Reference Architecture
Separate the control plane from execution. The control plane decides what should run; workers do the side-effecting work. This separation lets you scale workers independently, drain worker pools during deploys, and recover runnable tasks from metadata.
Design Questions
- What is the unit of idempotency: workflow, step, side effect, or request?
- Which state transitions must be strongly consistent?
- How long can a workflow run?
- Can old workflow definitions continue after new code deploys?
- What happens when a worker dies after doing the external side effect but before recording completion?
- What is the maximum fan-out per workflow instance?
- Who owns cancellation semantics?
- How will operators inspect, replay, and repair a stuck instance?
Storage Model
Minimal relational schema:
CREATE TABLE workflow_instances (
id TEXT PRIMARY KEY,
type TEXT NOT NULL,
status TEXT NOT NULL,
version INT NOT NULL,
created_at TIMESTAMPTZ NOT NULL,
updated_at TIMESTAMPTZ NOT NULL
);
CREATE TABLE workflow_events (
workflow_id TEXT NOT NULL,
sequence BIGINT NOT NULL,
event_type TEXT NOT NULL,
payload JSONB NOT NULL,
created_at TIMESTAMPTZ NOT NULL,
PRIMARY KEY (workflow_id, sequence)
);
CREATE TABLE workflow_tasks (
id TEXT PRIMARY KEY,
workflow_id TEXT NOT NULL,
task_type TEXT NOT NULL,
status TEXT NOT NULL,
run_after TIMESTAMPTZ NOT NULL,
lease_owner TEXT,
lease_until TIMESTAMPTZ
);The workflow_events primary key gives each transition a total order per workflow.

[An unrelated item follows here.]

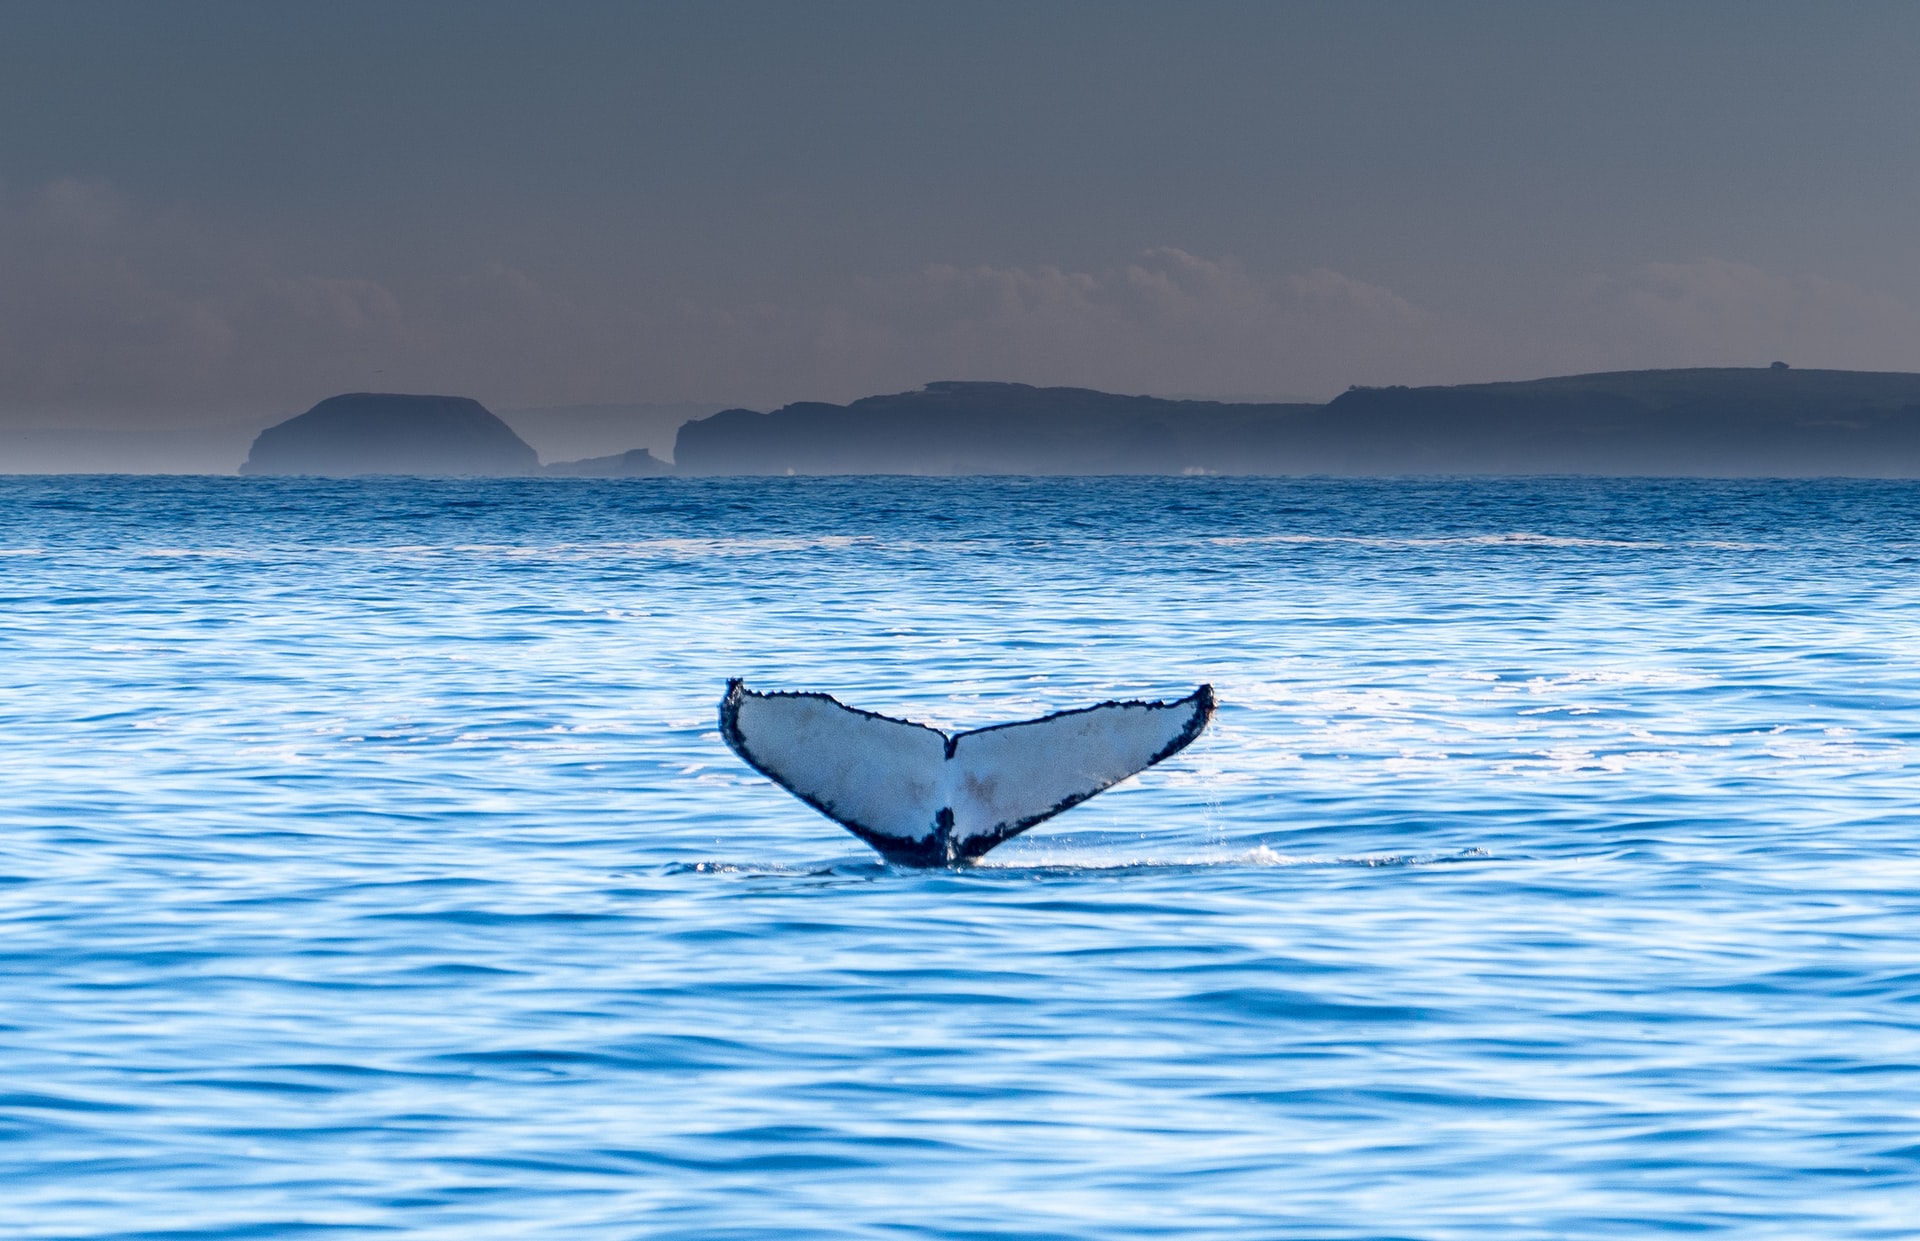 Naarmate meer walvissen worden gedood, raakt de voedseldistributie in de oceaan uit balans en verandert de voedselvoorziening van veel andere soorten zeeleven. Een blauwe vinvis kan bijvoorbeeld tot 40 miljoen krill per dag consumeren, dus je kunt je voorstellen wat de impact op de stabilisering van het aquatische ecosysteem zou zijn als de blauwe vinvissoort zou uitsterven.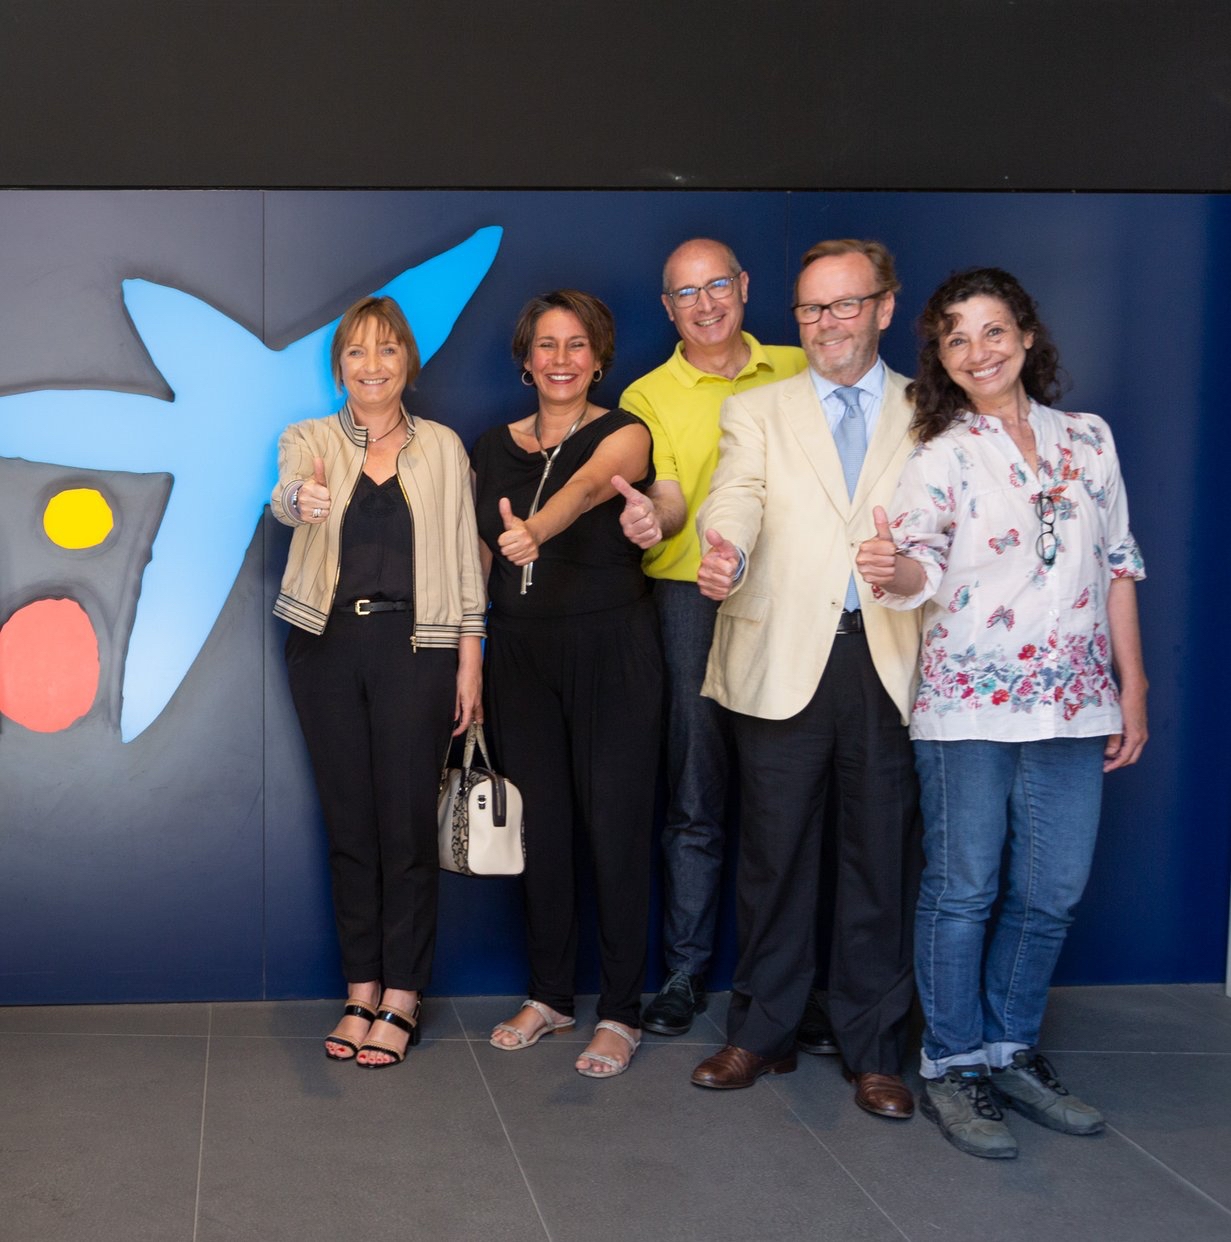 Un proyecto de Danza Mobile entre los 6 seleccionados por ‘La Caixa’ en Sevilla

That order is what makes replay and debugging possible.
Failure Modes
| Failure | Symptom | Mitigation |
|---|---|---|
| Worker crash after side effect | Step repeats and charges/sends twice | Idempotency keys at the external service boundary |
| Lost task enqueue | Workflow stuck despite valid next step | Reconciliation scans history and regenerates tasks |
| Timer service outage | Delayed execution | Store timers durably; scan overdue timers |
| Hot workflow fan-out | Scheduler overload | Fan-out limits, child workflows, batching |
| Non-deterministic workflow code | Replay diverges | Versioned code paths, deterministic APIs |
| Unbounded history | Slow replay and large rows | Continue-as-new, snapshots, history compaction |
Operational Metrics
- Workflow start rate and completion rate.
- Running, waiting, failed, and stuck instance counts.
- Scheduler lag: now minus oldest runnable task.
- Timer lag: now minus oldest overdue timer.
- Activity retry rate by type and error class.
- Queue depth and age by task queue.
- Worker lease expirations.
- History append latency and conflict rate.
- Manual repair count.
When to Use
Use a workflow system when:
- A process spans multiple services or commits.
- Work must survive process restarts and deploys.
- Waiting is part of the business logic.
- Operators need a durable audit trail.
- Compensation is more realistic than a global transaction.
When Not to Use
Avoid a workflow engine when:
- The task is short, stateless, and naturally idempotent.
- A plain message queue with retries is enough.
- You cannot define ownership for stuck workflow repair.
- The team will hide arbitrary application logic inside workflows without versioning discipline.